Baroncini et al. (1991) suggested autosomal recessive inheritance for this disorder because cases had been reported in sibs in a single generation with unaffected parents and consanguinity was identified in 1 instance; males and females were equally affected.

Molecular Genetics

In 9 patients from 4 unrelated families with Boucher-Neuhauser syndrome, Synofzik et al. (2014) identified homozygous or compound heterozygous mutations in the PNPLA6 gene (see, e.g., 603197.0004-603197.0008). All mutations occurred at highly conserved residues and were predicted to disrupt protein function, but in vitro functional studies of the variants were not performed. The mutations in the first 2 families were found by whole-exome sequencing, whereas mutations in the second 2 families were found by direct sequencing of the PNPLA6 gene in 4 additional families with the disorder. A patient from a fifth family who did not have chorioretinopathy also carried biallelic PNPLA6 mutations.

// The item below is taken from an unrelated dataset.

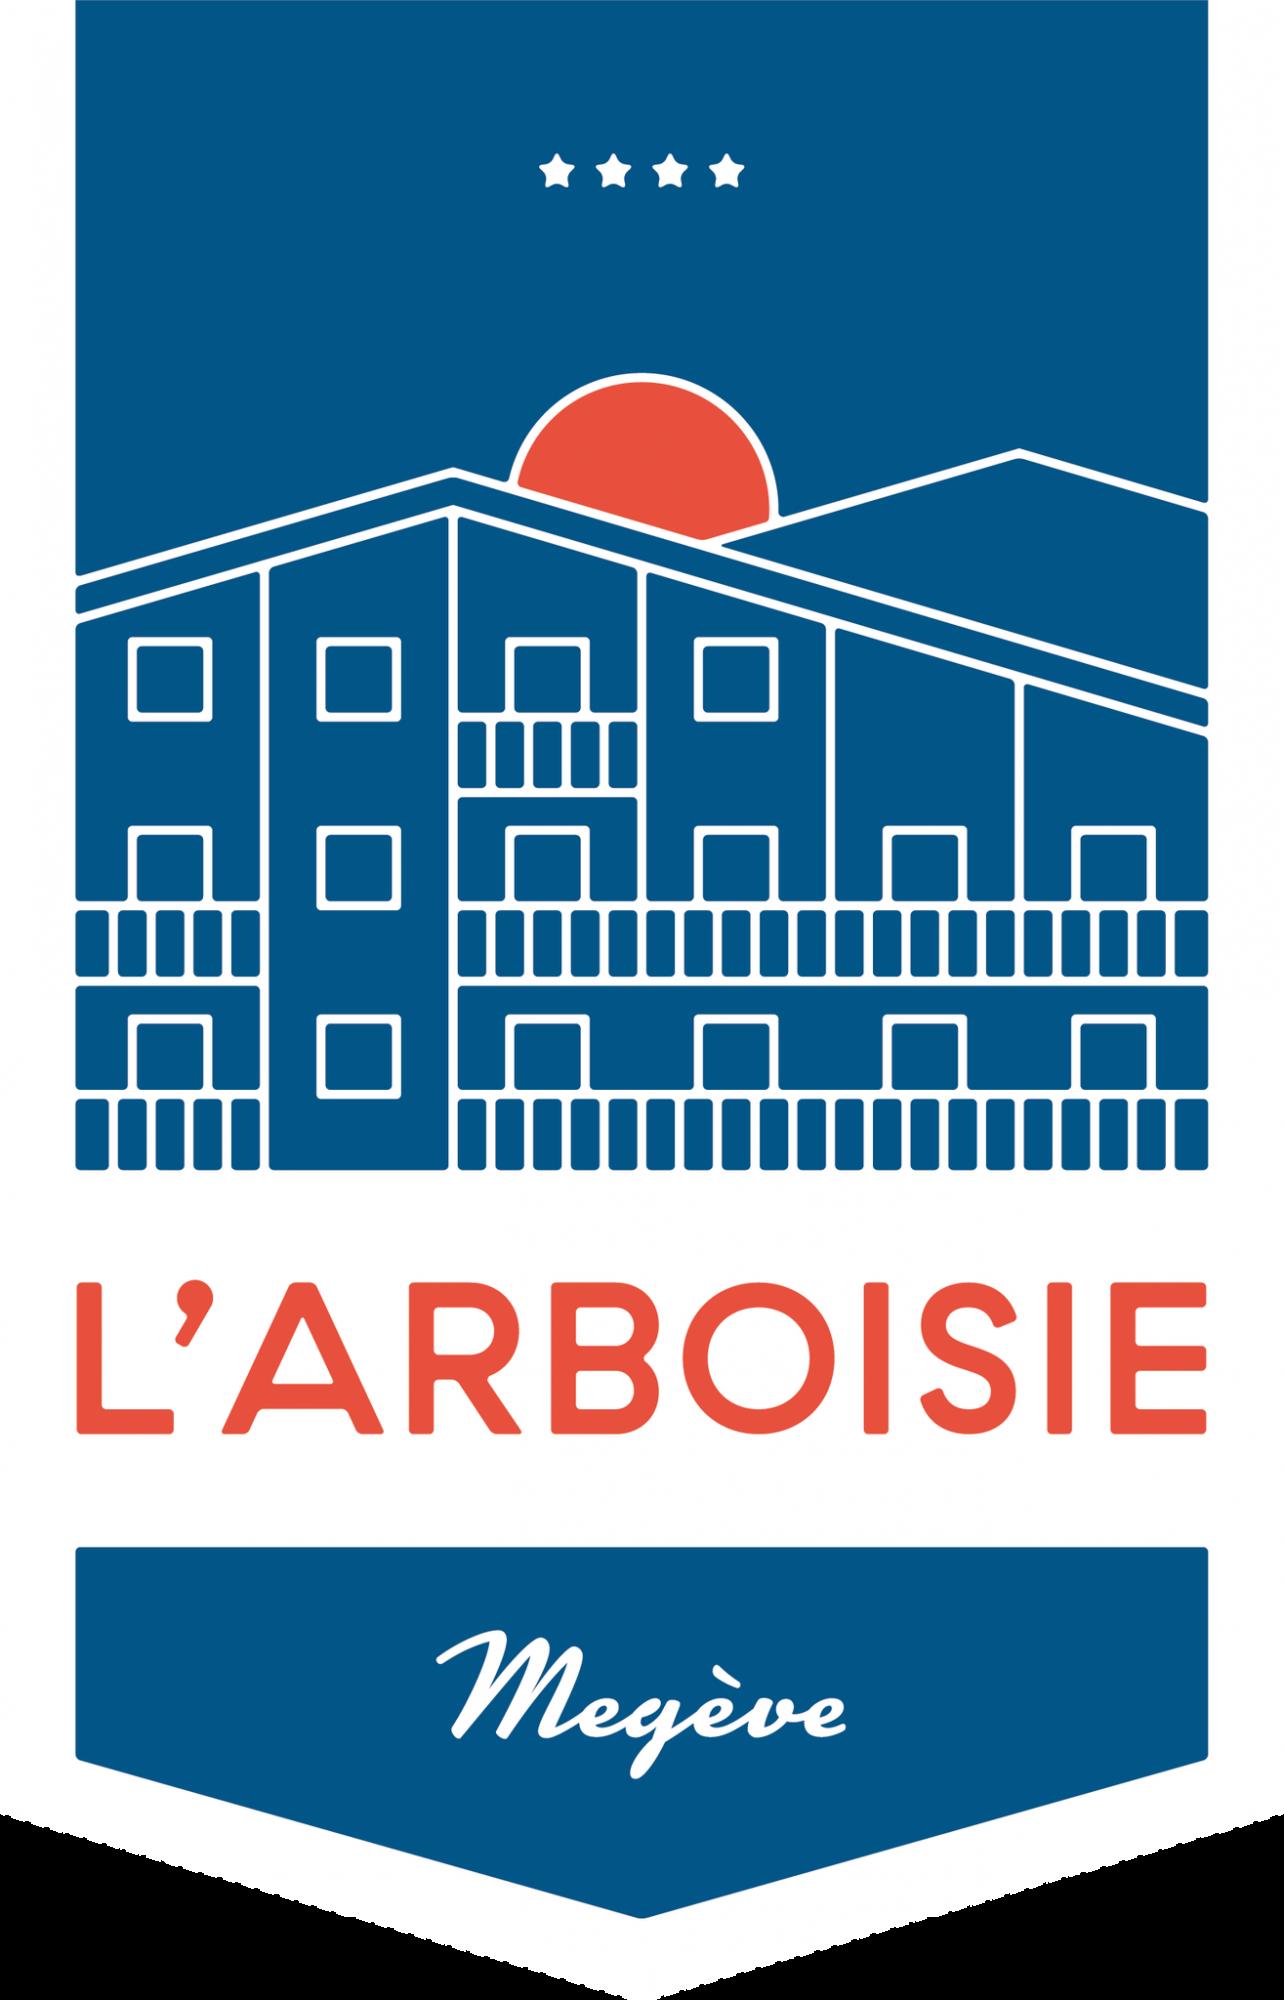 Hôtel l'Arboisie Megève

In 6 patients from 3 unrelated families with BNHS, Topaloglu et al. (2014) identified homozygous or compound heterozygous mutations in the PNPLA6 gene (see, e.g., 603197.0011-603197.0012). One of the families had previously been reported by Rump et al. (1997). The mutation in the first family was found by homozygosity mapping and whole-exome sequencing; subsequent mutations were found by direct sequencing of the PNPLA6 gene in 5 additional families. The mutations failed to rescue the neurodegenerative 'Sws' vacuolization phenotype in Drosophila with loss of Pnpla6. Inhibition of NTE activity in a mouse gonadotrope cell line inhibited GNRH (152760)-stimulated luteinizing hormone (LH) exocytosis, without affecting GNRH receptor (GNRHR; 138850) signaling or LH-beta (LHB; 152780) synthesis. The findings were consistent with the mutations resulting in a loss of function. Some patients did not have chorioretinopathy, a finding more consistent with a clinical diagnosis of Gordon Holmes syndrome; Topaloglu et al. (2014) noted that GDHS and BNHS are phenotypically related.